The first inklings of a strong week for silver began with the Monday opening bid of $16.20. The trading continued throughout the day, resulting in a closing bid of $16.26. Aftermarket buying produced a Tuesday opening quote up 19 cents at $16.45, and the day closed with live silver prices two cents up at $16.47. The trend continued, with the price of silver opening at $16.81 on Wednesday and closing at $16.93. Traders keep buying silver after the market closed, pushing the price above $17 dollars and causing a Thursday opening of $17.19—the high for the week. The day closed a few cents shy of this at $17.13. Friday’s opening of $17.05 reflected some profit taking in trading afterhours, but the day still closed up nearly a dollar for the week at $17.12.

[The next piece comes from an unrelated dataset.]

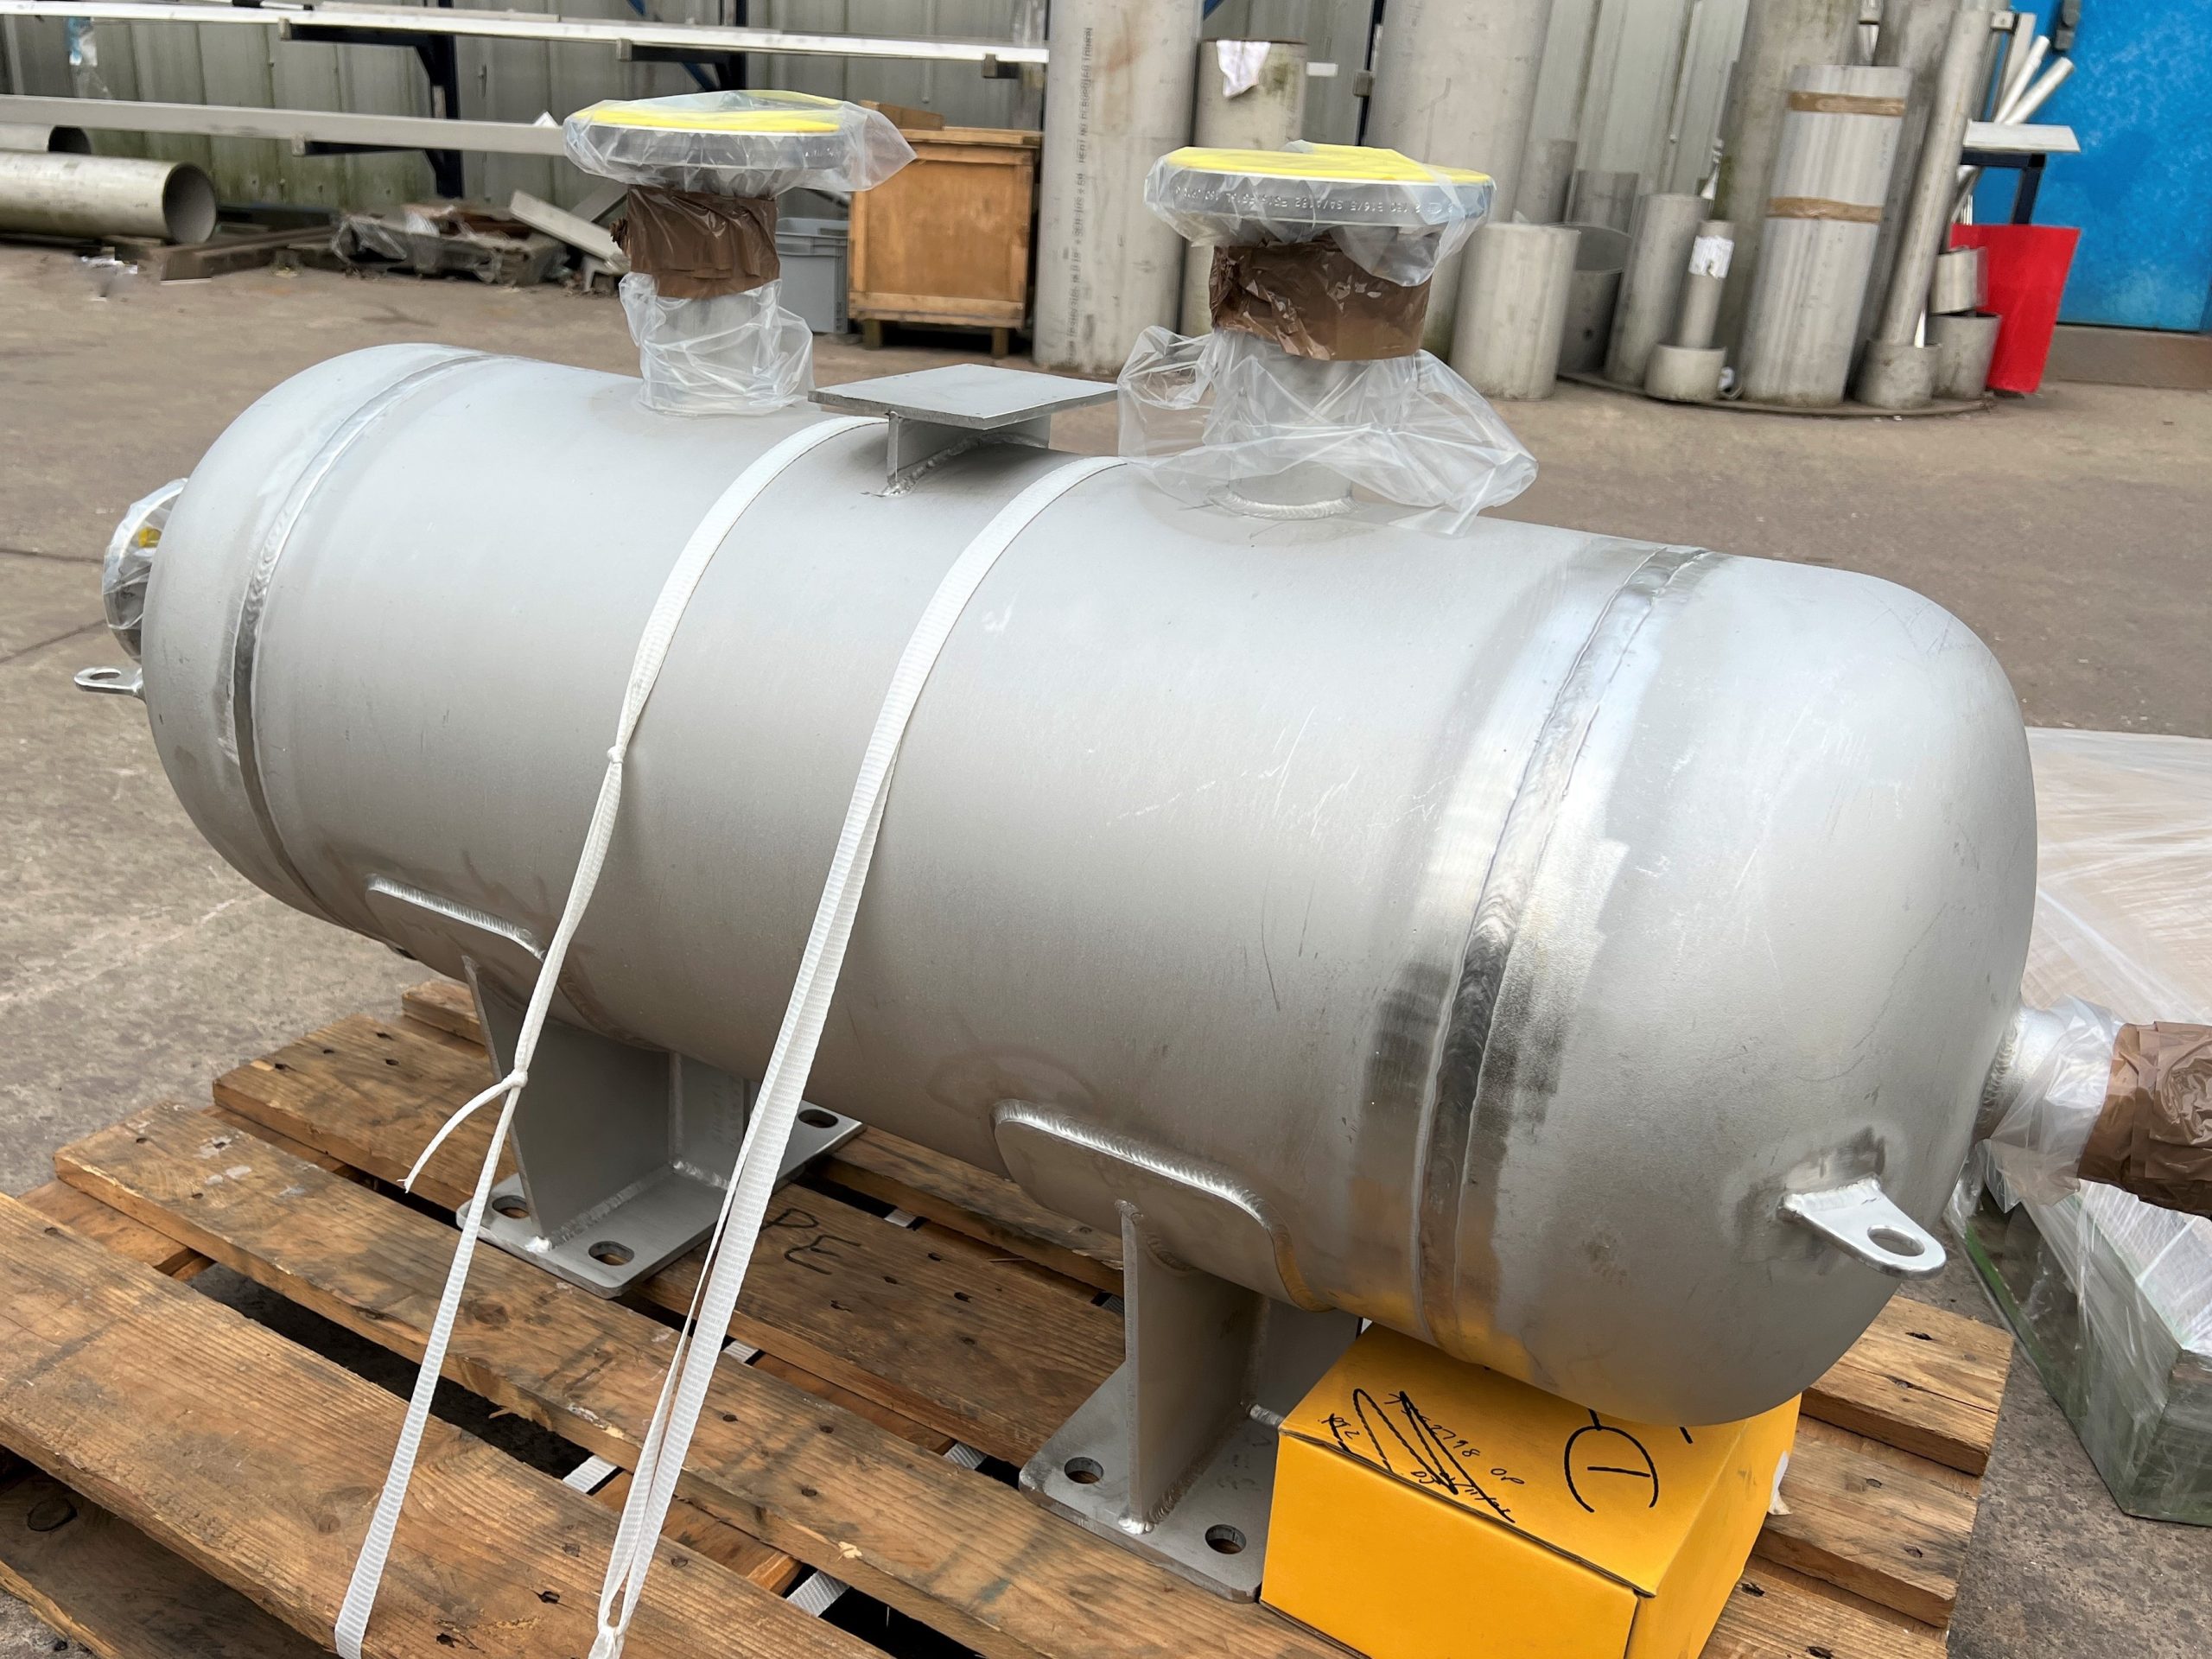 ASME U Air Receiver made by CPE Pressure Vessels for the Gallaf 3 project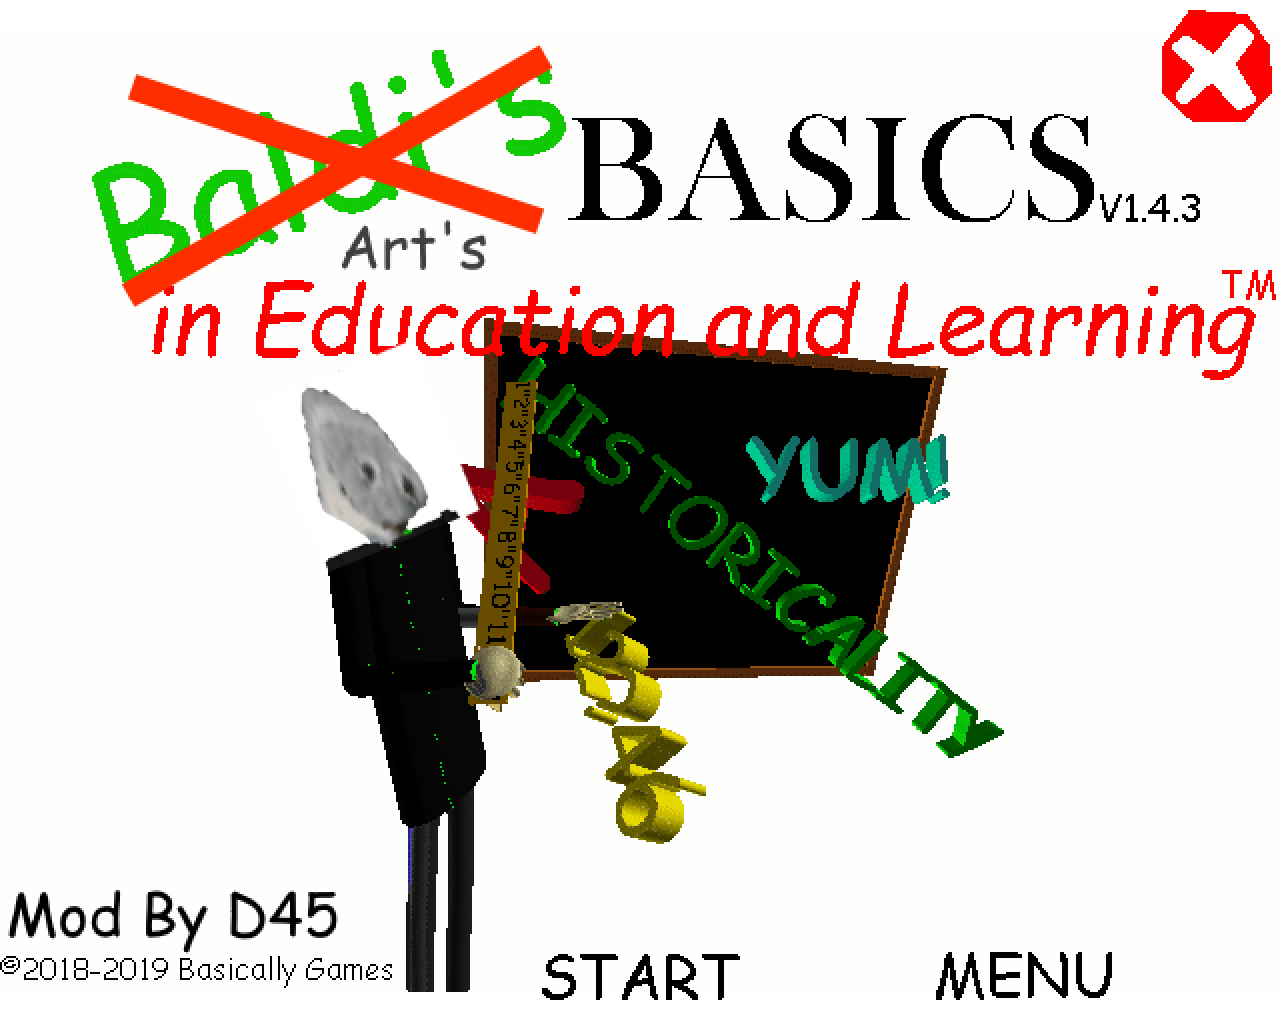 The Spriters Resource - Full Sheet View - Baldi's Basics Plus - Arts and  Crafters

Silver joined gold and other precious metals in a price spike caused by growing tensions between the U.S. and North Korea. A preferred safe-haven investment, silver saw increased demand from both speculators and long-term investors seeking to buy before further price increases. While some technical traders noted the importance of breaking through the psychologically important $17 price point, others asserted that the sudden jump may require a small correction before moving into a potential $17.50 range. That will offer some buying opportunities for others seeking to join the surge.

In spite of the current news driven price jump, longer-term buyers are moving to silver in the face of continuing concerns over declining production and supply in the face of growing demand for silver. 1 Numerous analysts and economists are taking note of this market shift and see bullish pressure developing as a result of the deficit.

This week’s market attention will follow the North Korea situation closely. Monday’s Treasury auctions will also be scrutinized for any new moves in interest rates. Neither housing starts data on Wednesday nor jobless claims early numbers on Thursday are expected to produce any major surprises.